Method for determining whether an object is iterable.
|
|
In practical applications it is recommended to use isinstance() to make the determination.
iterator
Iterators refer to tools that iterate over values; iteration is an iterative process; each iteration is based on the result of the previous one; iterators provide a generic and index-independent way of iterating over values.
Iterators should implement not only the __iter__
method, but also the __next__
method.
__iter__
: returns the iterator itself self.__next__
: returns the next available element of the iterator, throwing a StopIteration exception when there is no element at the end.
Characteristics of iterators.
- An iterator must be an iterable object because the
__iter__
method is implemented. - The
__iter__
method of an iterator returns itself, does not produce a new iterator object, and can only be iterated over once. If you want to iterate again you need to rebuild the iterator. - Iterators are inert computations that return values only when called, and wait for the next call when not called. This saves a lot of memory space.
Iterator protocol: The object must provide a next method, the execution of which either returns the next item in the iteration or raises a StopIteration exception to terminate the iteration (it can only go backwards not forwards).
Pros.
- Provides a generic and index-independent way of iterating over values
- Only one value exists in memory at the same time, which is more memory-efficient
Disadvantages.
- Not as flexible as indexed fetching (can’t fetch a specified value and can only go backwards)

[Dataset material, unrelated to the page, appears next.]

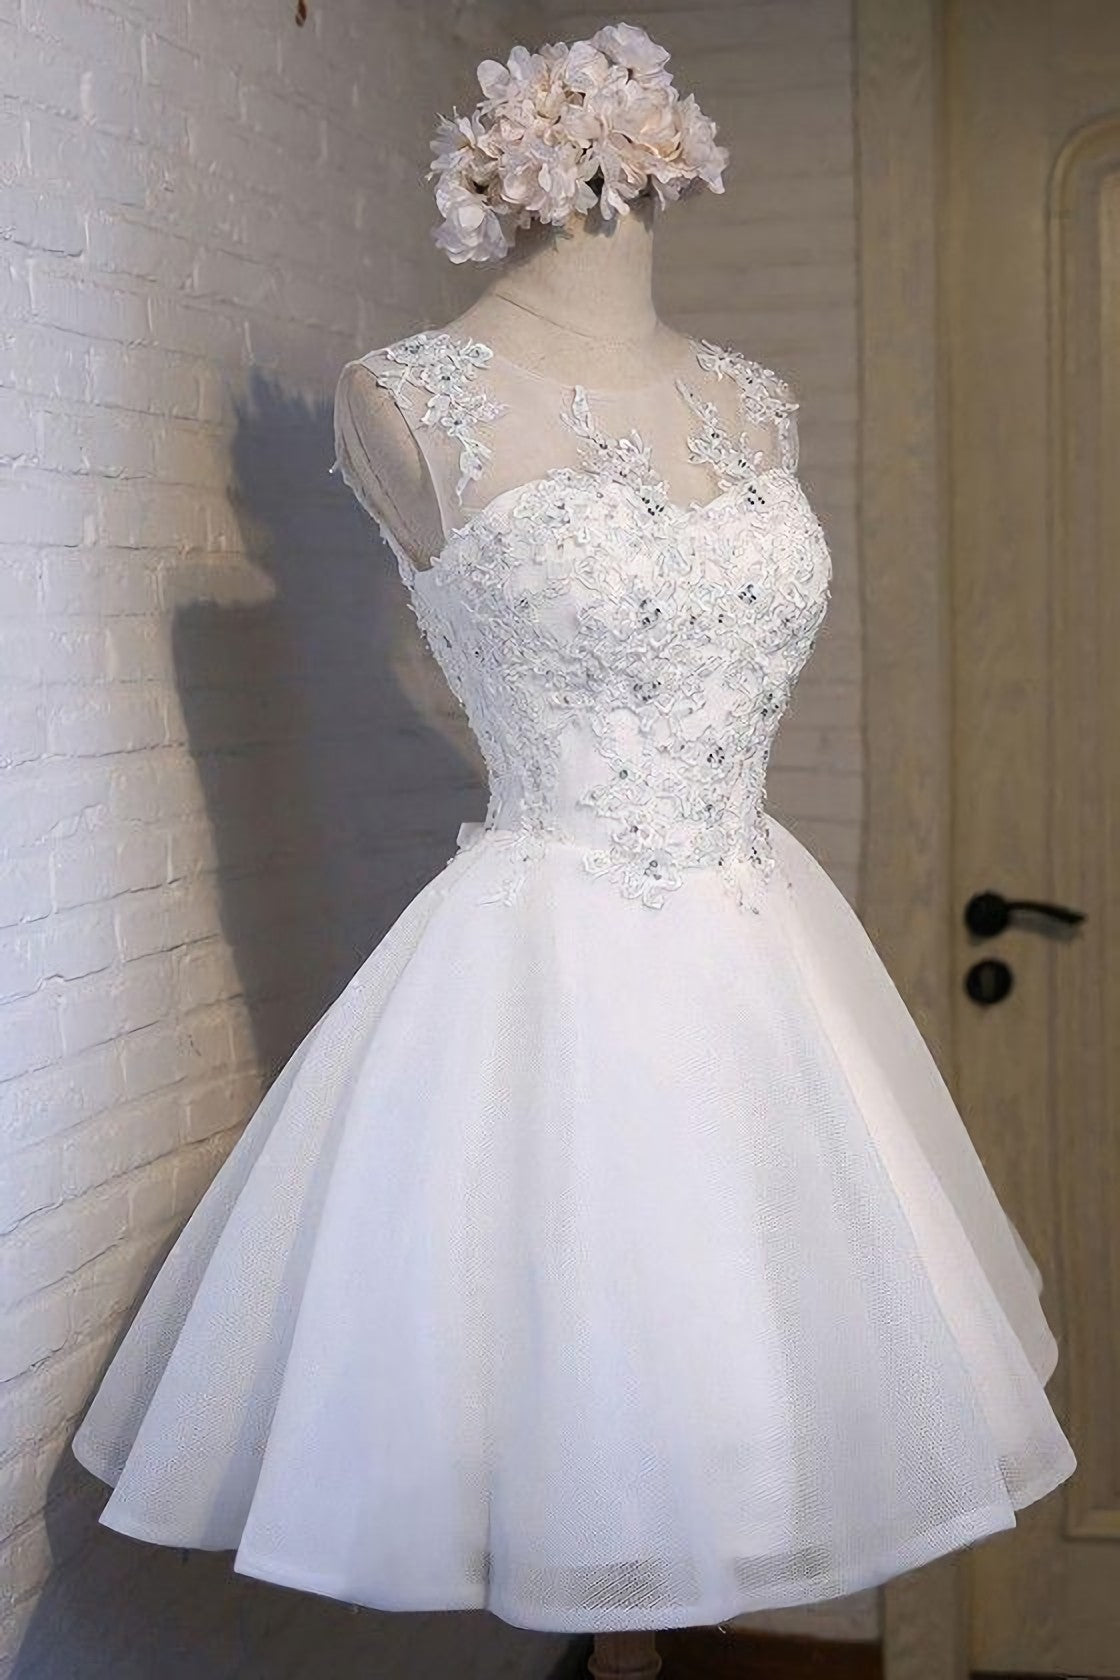 Prom Dresses Near Me, Glamorous A Line Scoop Neckline Short Homecoming Dresses, White Homecoming Dresses, With Sleeveless

- Unable to predict the length of the iterator
|
|
generator
A generator is both iterable and iterative, and there are two ways to define a generator.
- generator function
- generator expression
generator function
If a function definition contains the yield keyword, the entire function is a generator function. During the execution of a generator function, each time it encounters a yield, the function pauses and saves all the current run information, returns the value of the yield, and continues from the current position the next time the next() method is executed.
Generator functions look and behave like regular functions, but have one defining feature. Instead of return, generator functions use the Python yield keyword. yield indicates where to send the value back to the caller, and unlike return, you don’t exit the function afterwards. Instead, it remembers the state of the function. Thus, when next() is called on a generator object (explicitly or implicitly in a for loop), the value is generated again.
generator expression
A generator expression is a generator version of a list pushdown that looks like a list derivative, but it returns a generator object instead of a list object. A generator expression is computed on demand (or inert), computing values when needed and returning an iterator, while a list parser returns values immediately, returning a list of iterable objects. In terms of memory footprint, generator expressions are more memory-efficient.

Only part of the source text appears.